## DATA EXTRACT
****

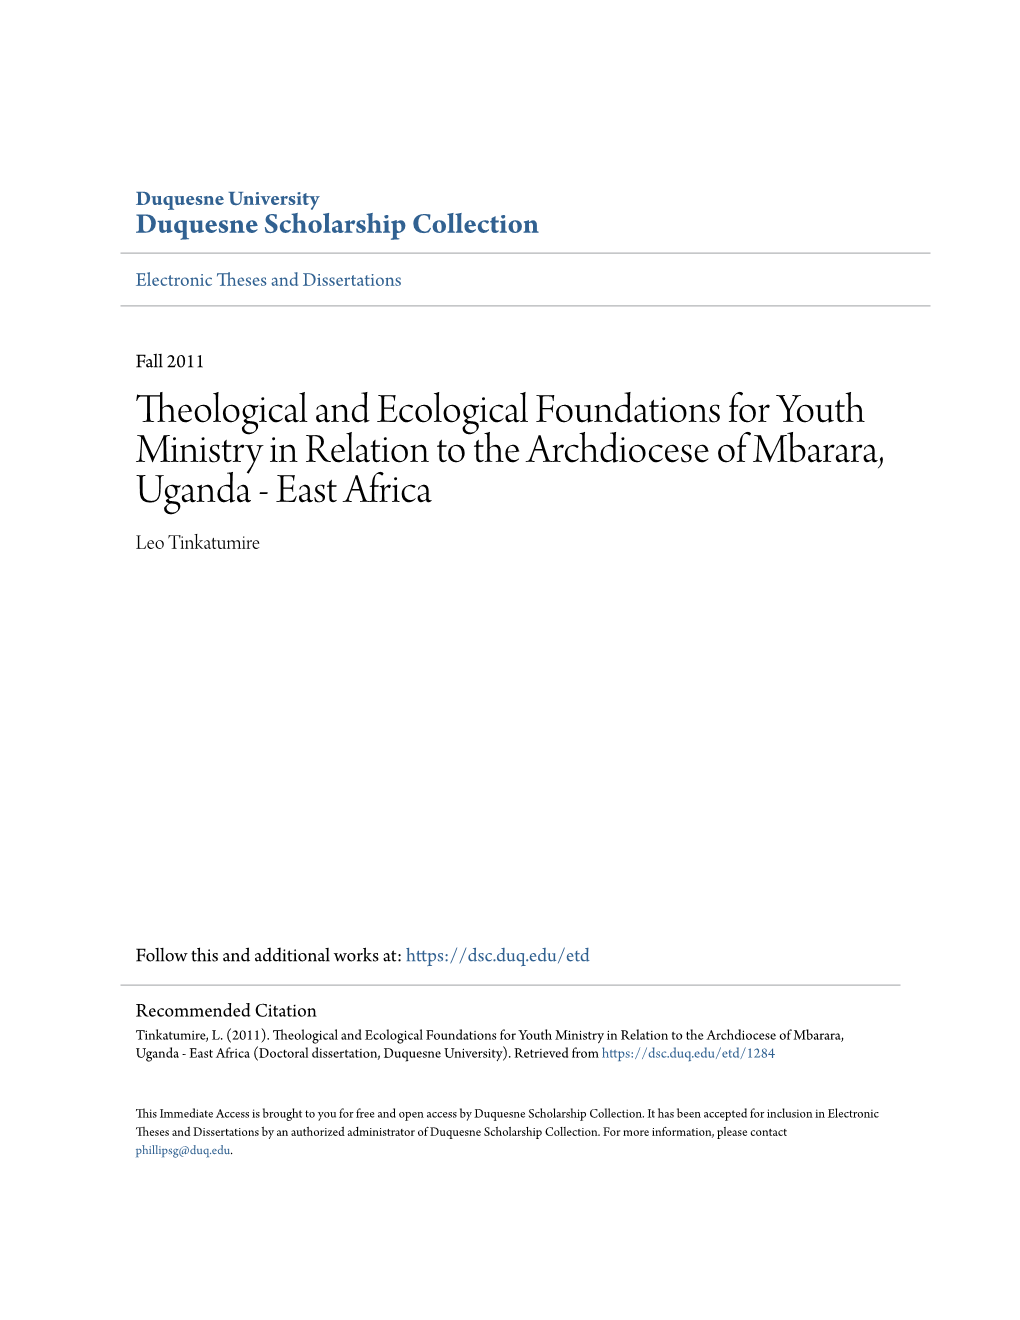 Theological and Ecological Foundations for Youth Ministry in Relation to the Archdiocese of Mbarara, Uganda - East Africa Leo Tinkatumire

****

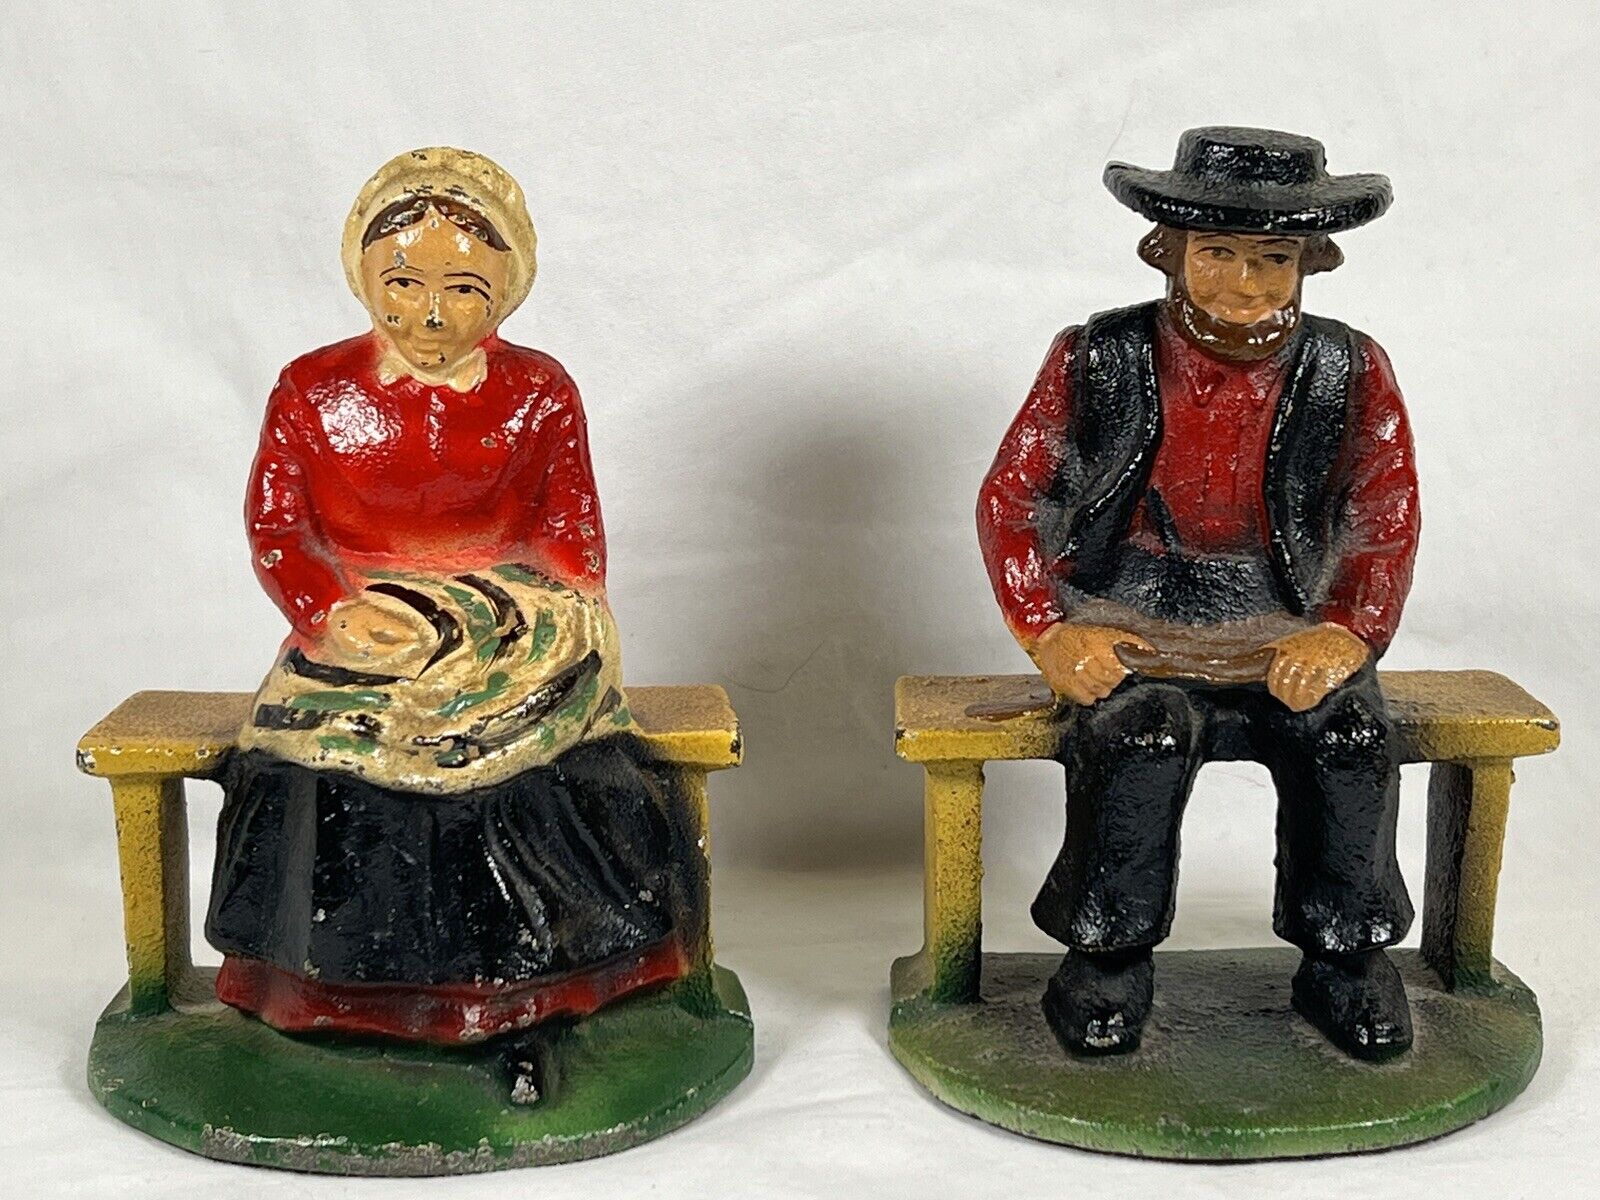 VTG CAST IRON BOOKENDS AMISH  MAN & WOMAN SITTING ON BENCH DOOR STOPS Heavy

****

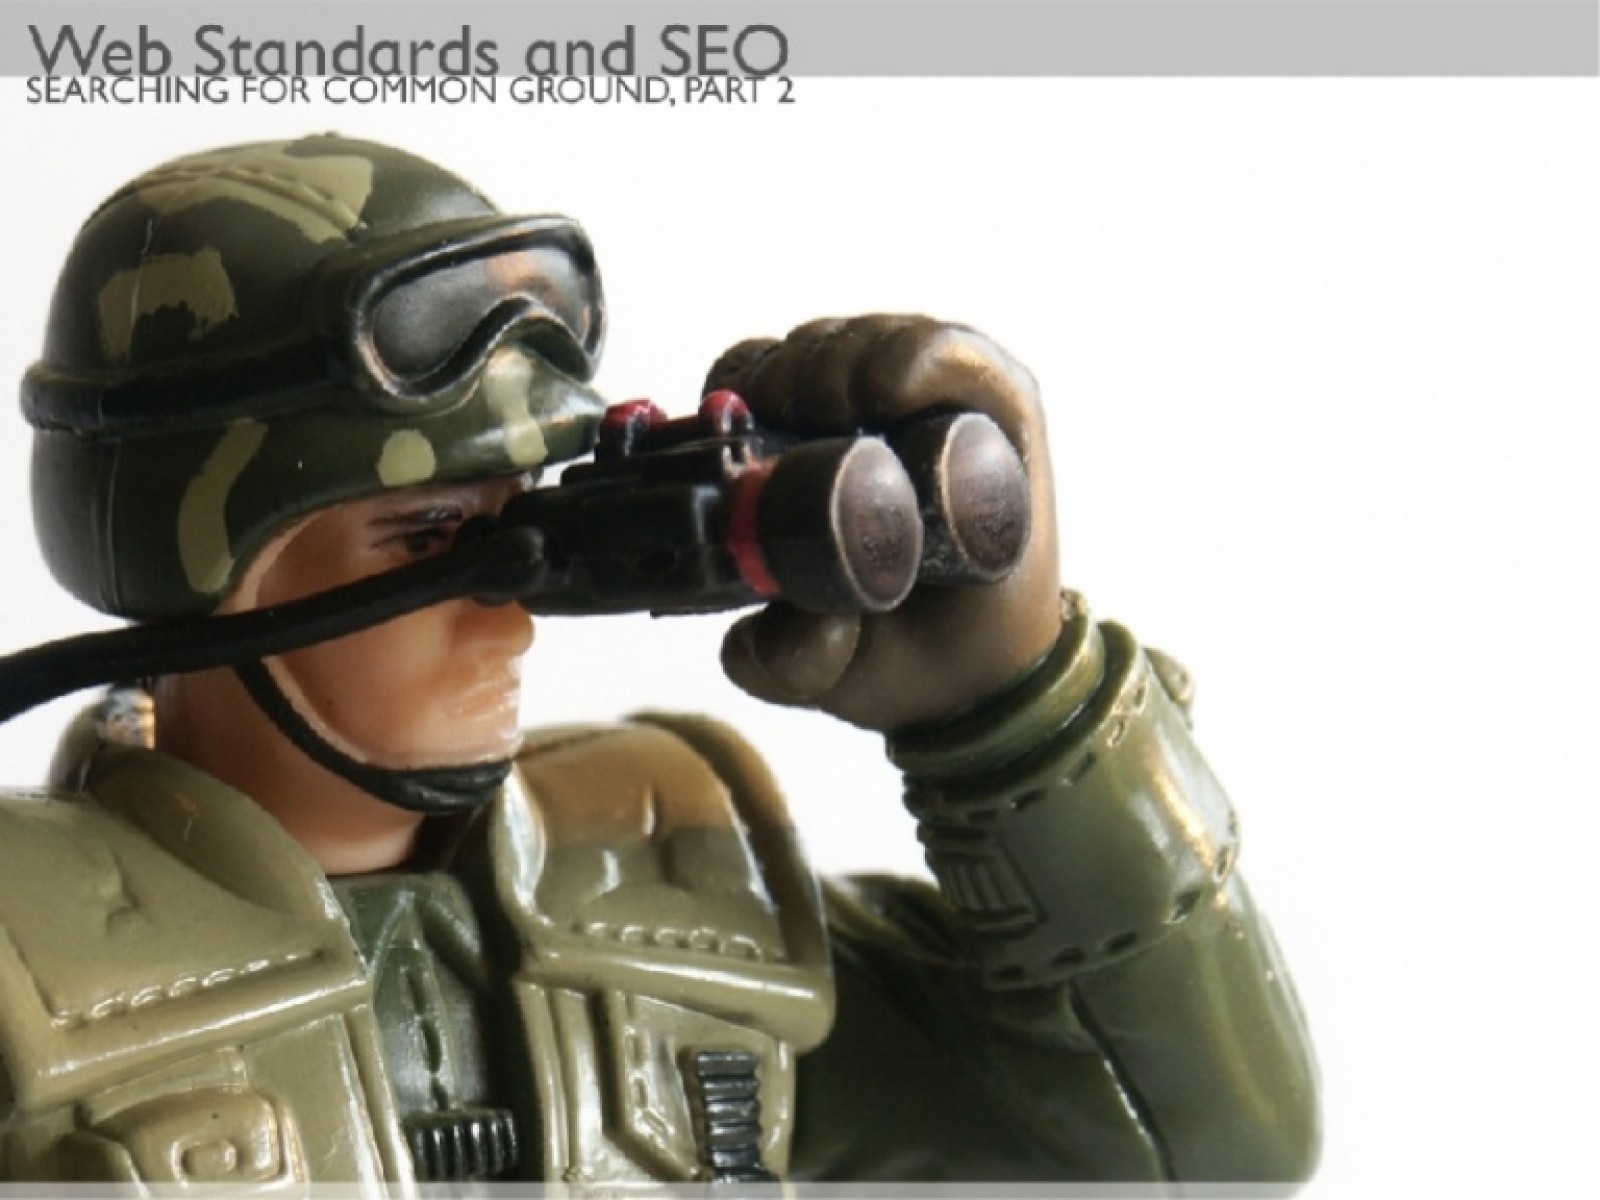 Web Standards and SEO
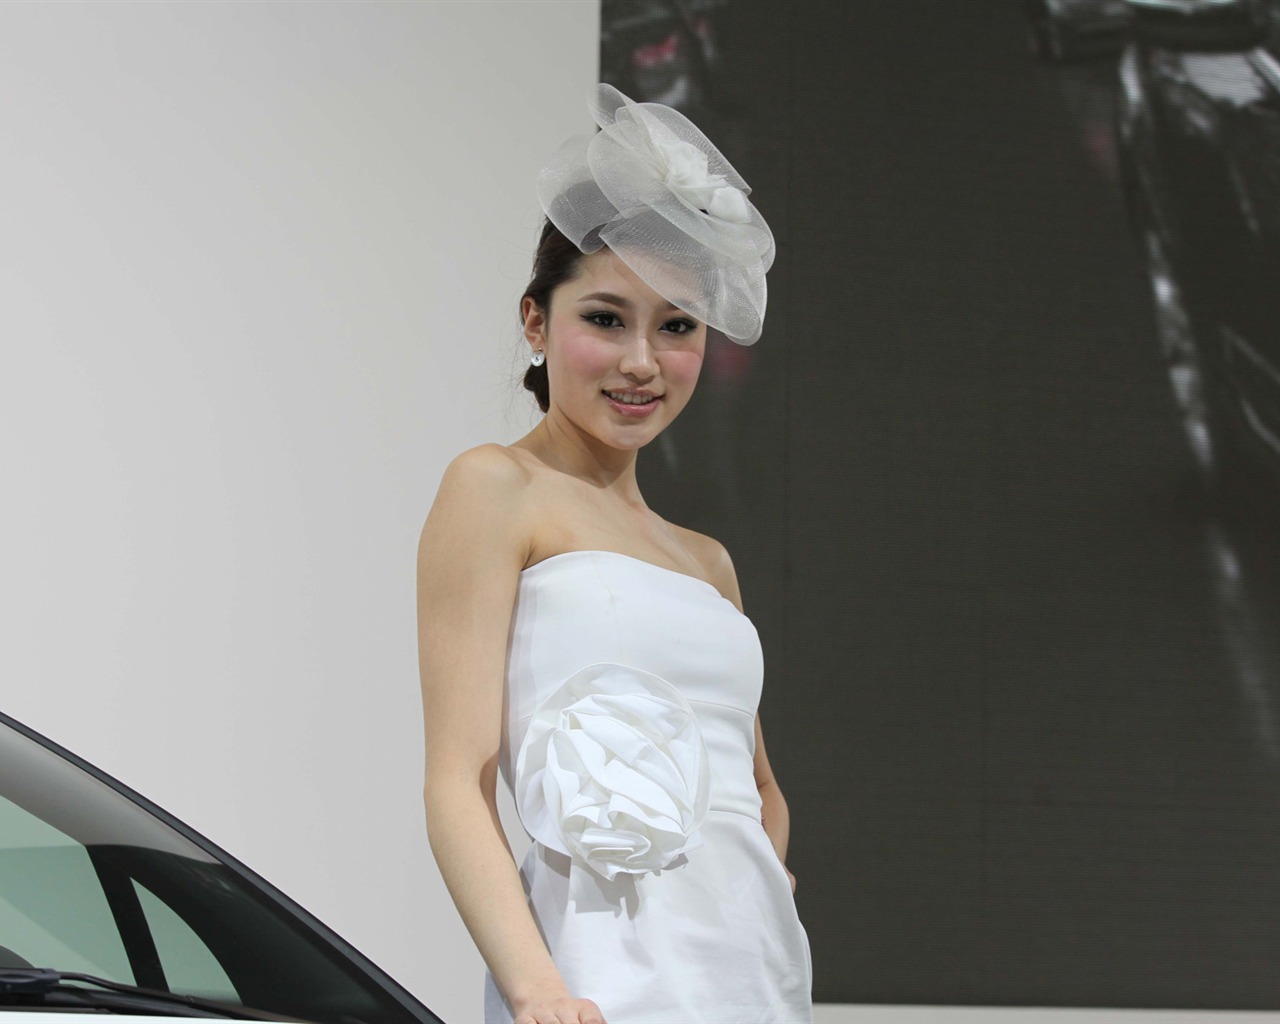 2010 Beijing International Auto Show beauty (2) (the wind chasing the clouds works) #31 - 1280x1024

****

## WHAT THE EXERCISE ASKS
Nothing but the lines from the one with "Web Standards and SEO" to the one with "2010 Beijing International" above, both included, should be transcribed, exactly and without pictures.

## ANSWER FOR THIS EXERCISE
 Web Standards and SEO
 2010 Beijing International Auto Show beauty (2) (the wind chasing the clouds works) #31 - 1280x1024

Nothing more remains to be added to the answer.